= Work request =
Each line in the material below must be transcribed exactly; no picture belongs in the copy.

= Data block =
--- START ---

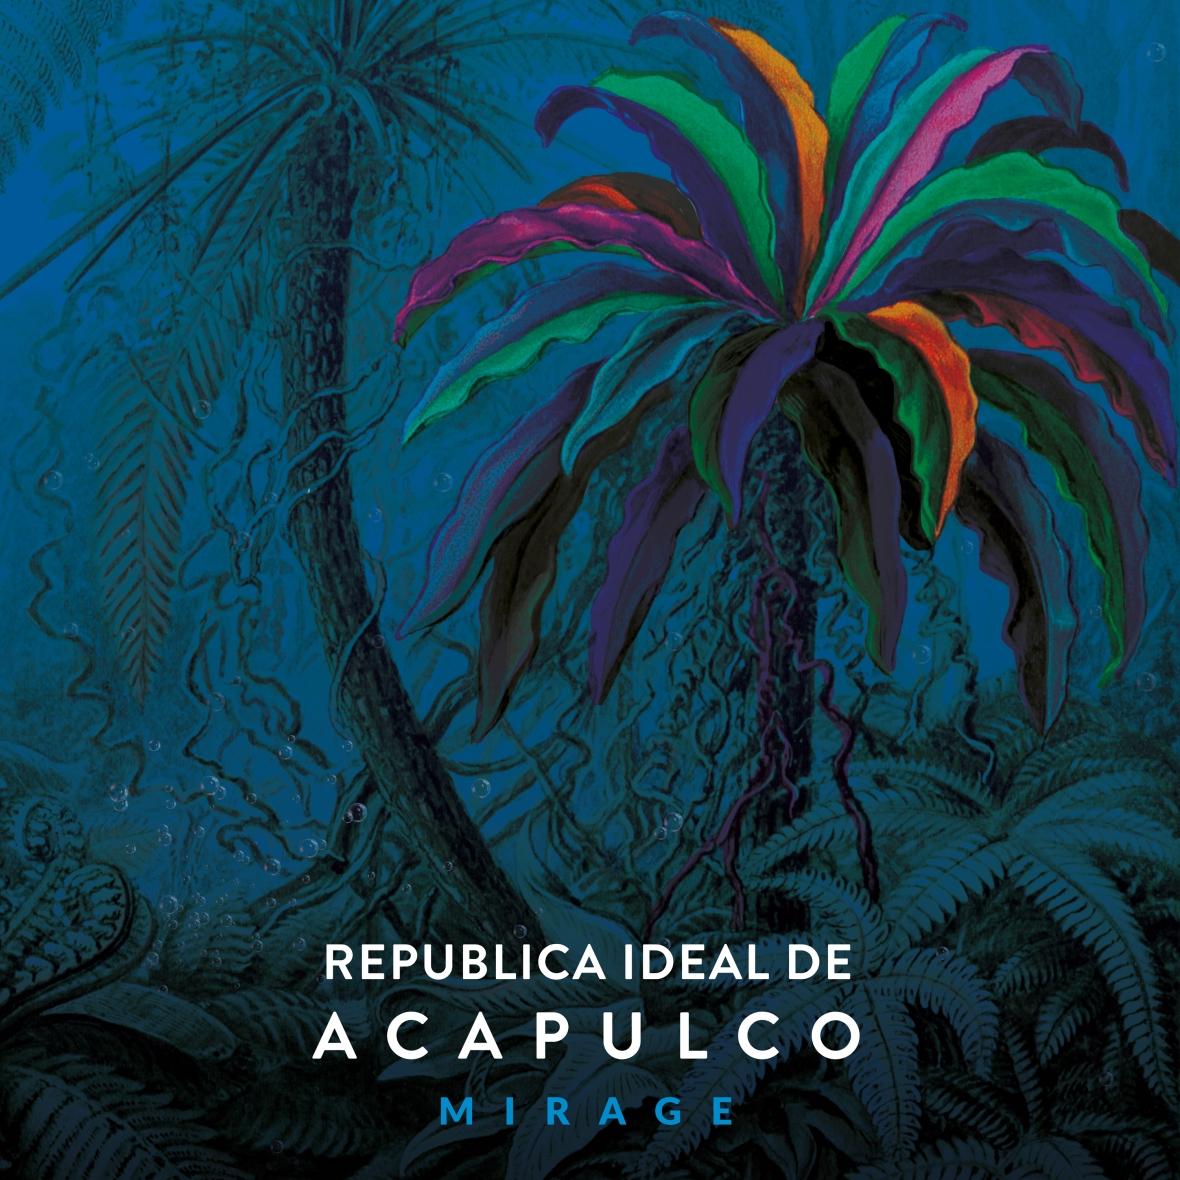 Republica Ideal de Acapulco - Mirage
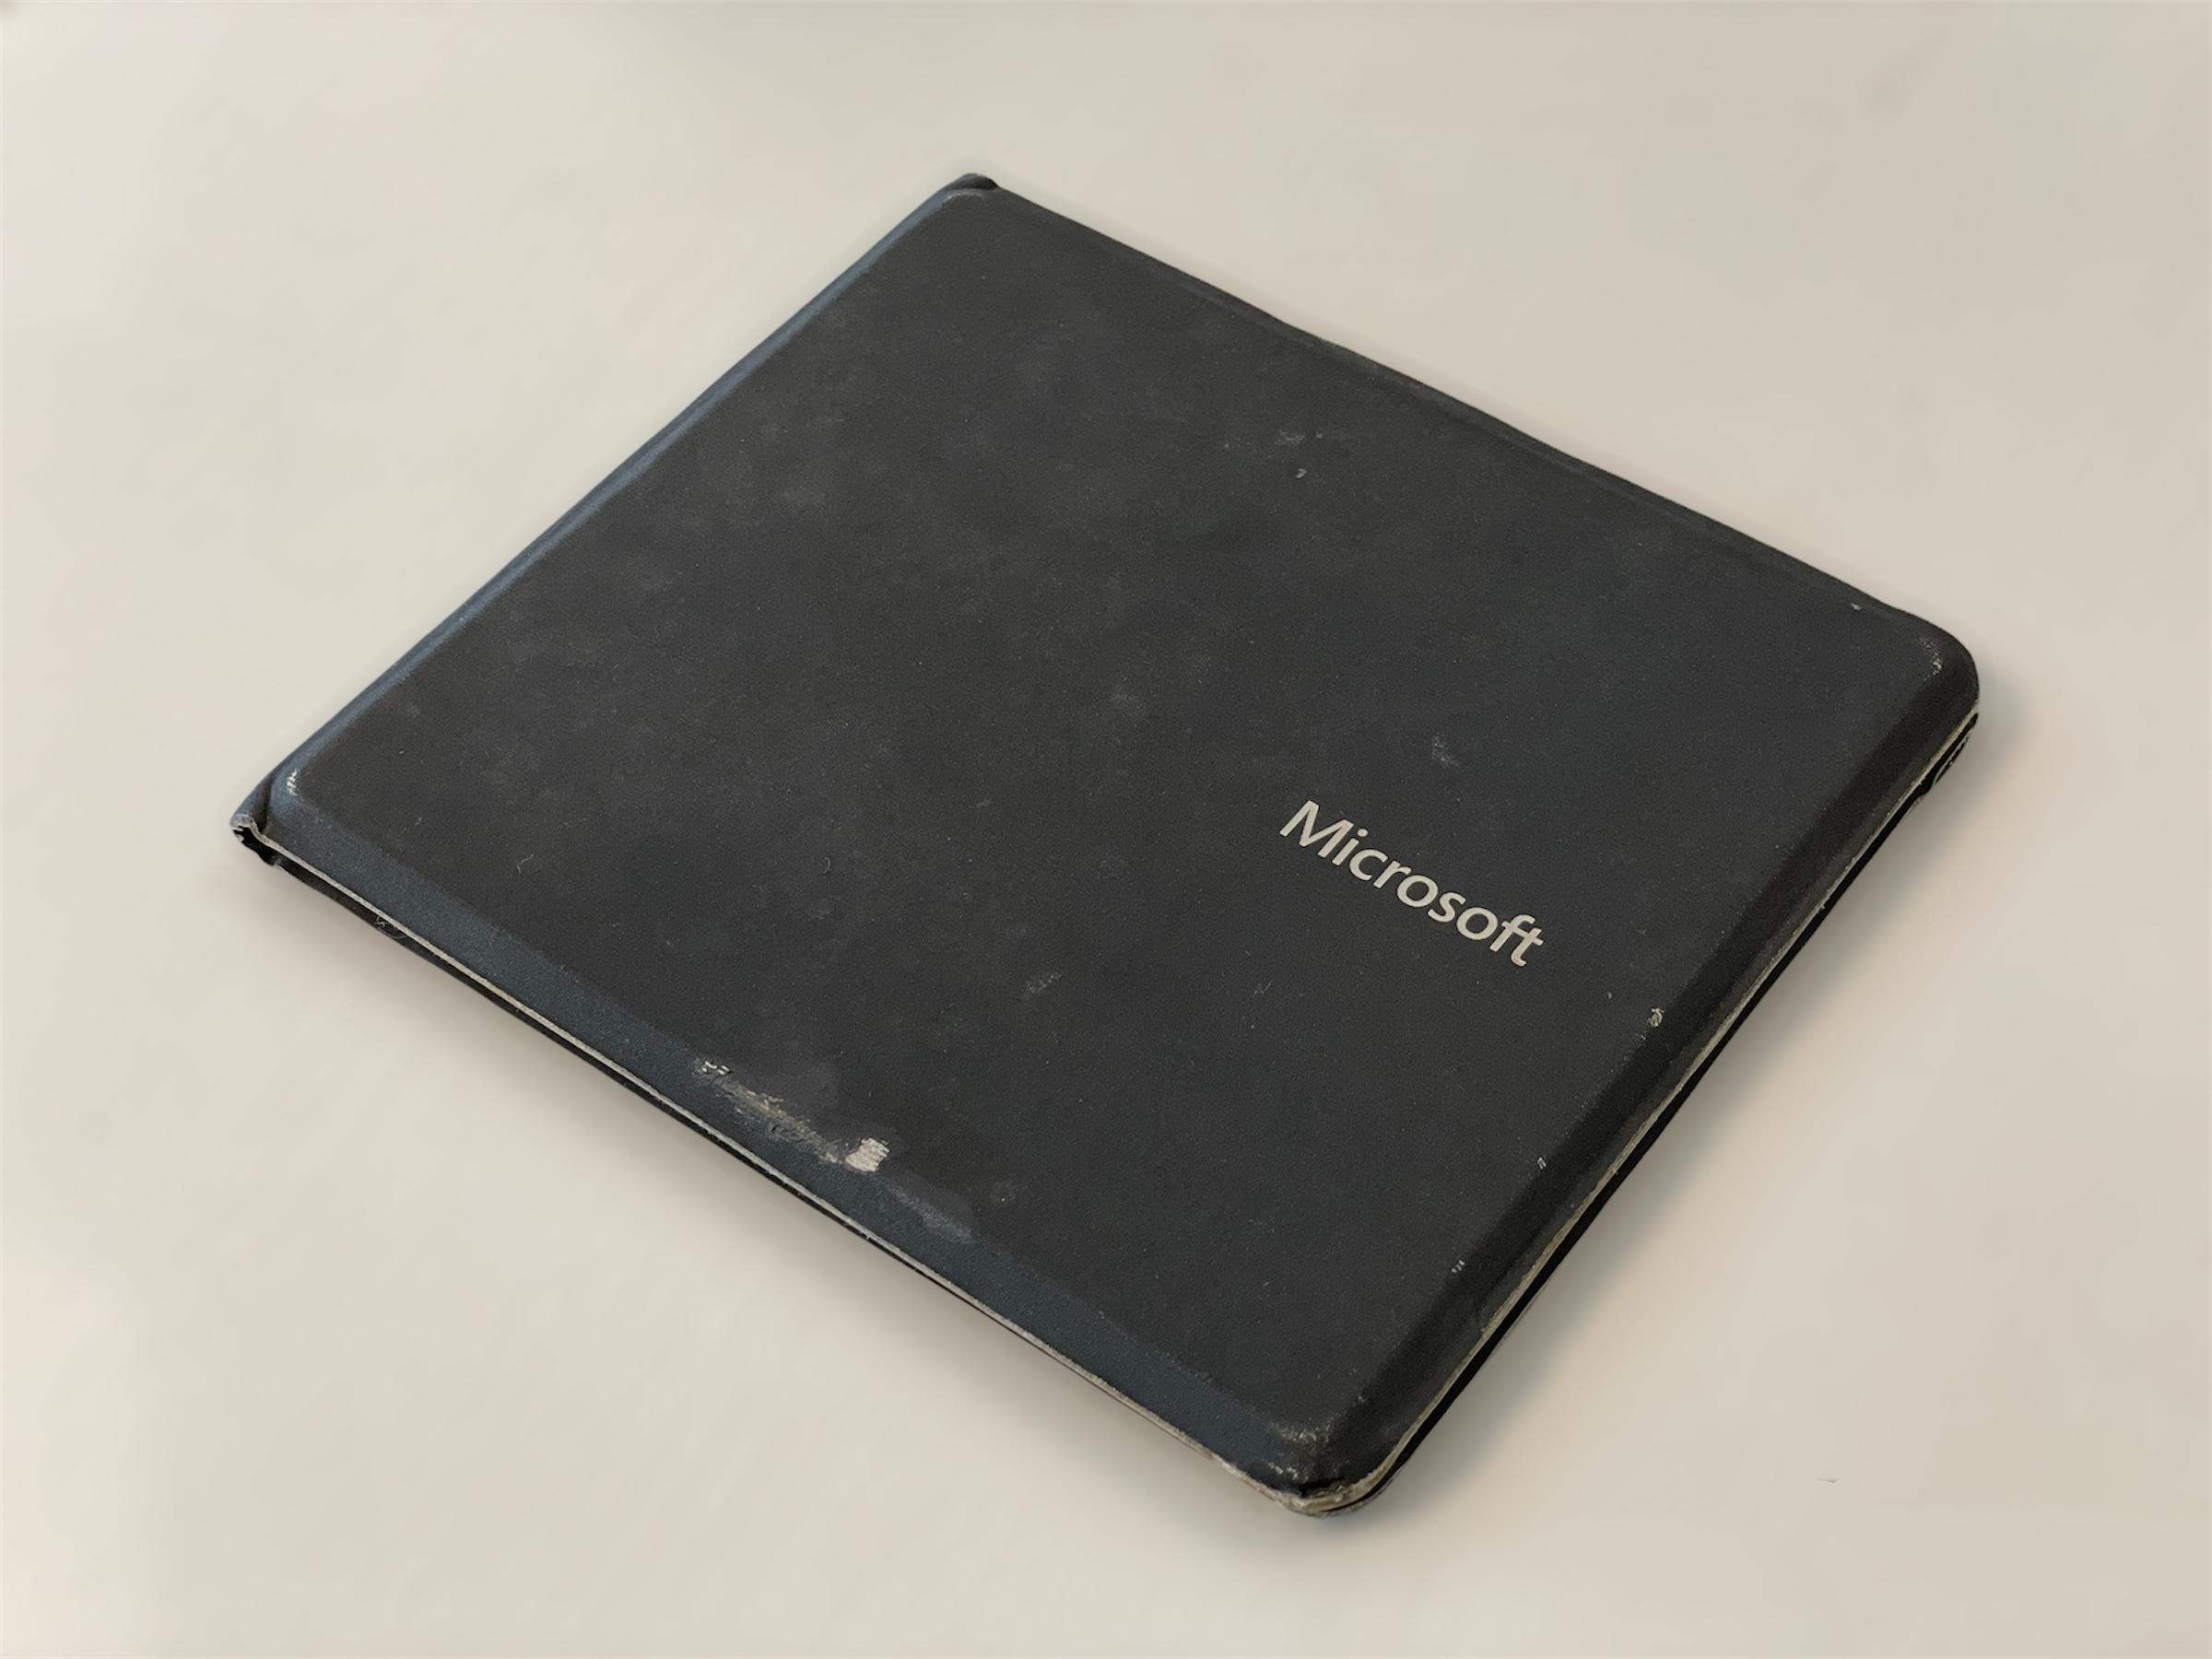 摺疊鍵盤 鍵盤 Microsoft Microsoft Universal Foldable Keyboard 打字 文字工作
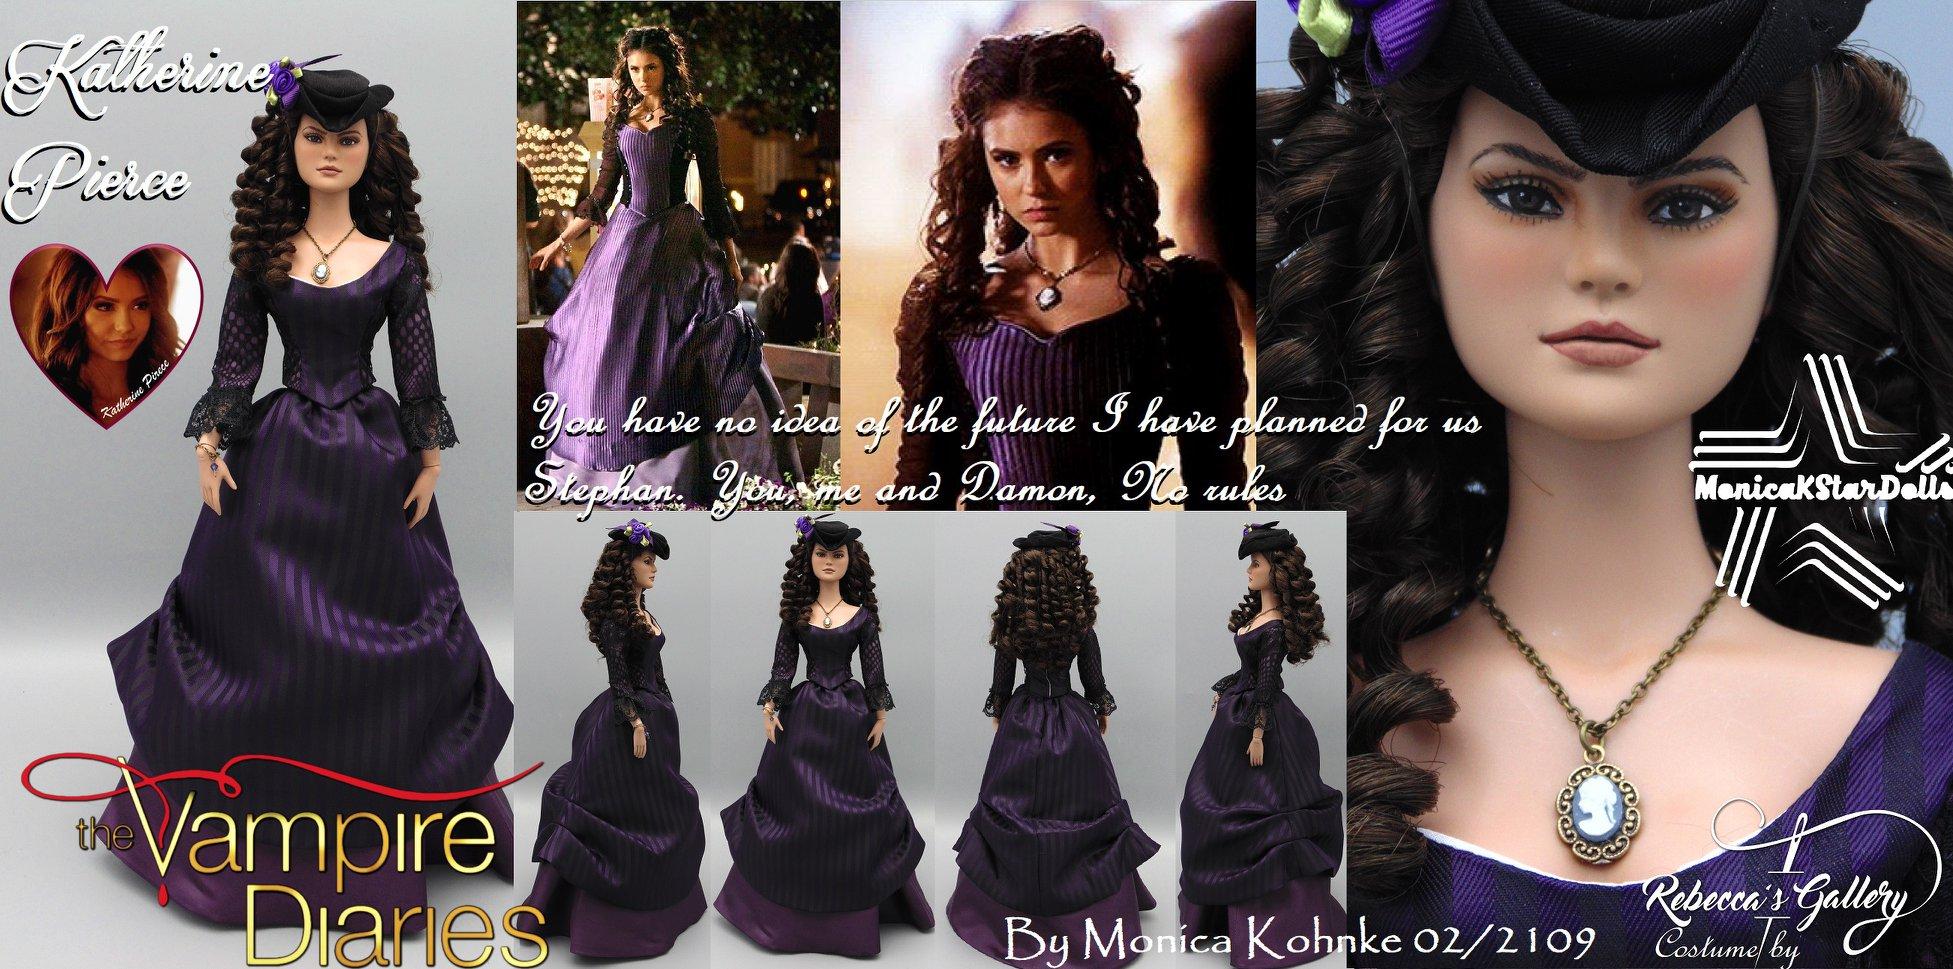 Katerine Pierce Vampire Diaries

--- END ---

= Written answer =
 Republica Ideal de Acapulco - Mirage
 摺疊鍵盤 鍵盤 Microsoft Microsoft Universal Foldable Keyboard 打字 文字工作
 Katerine Pierce Vampire Diaries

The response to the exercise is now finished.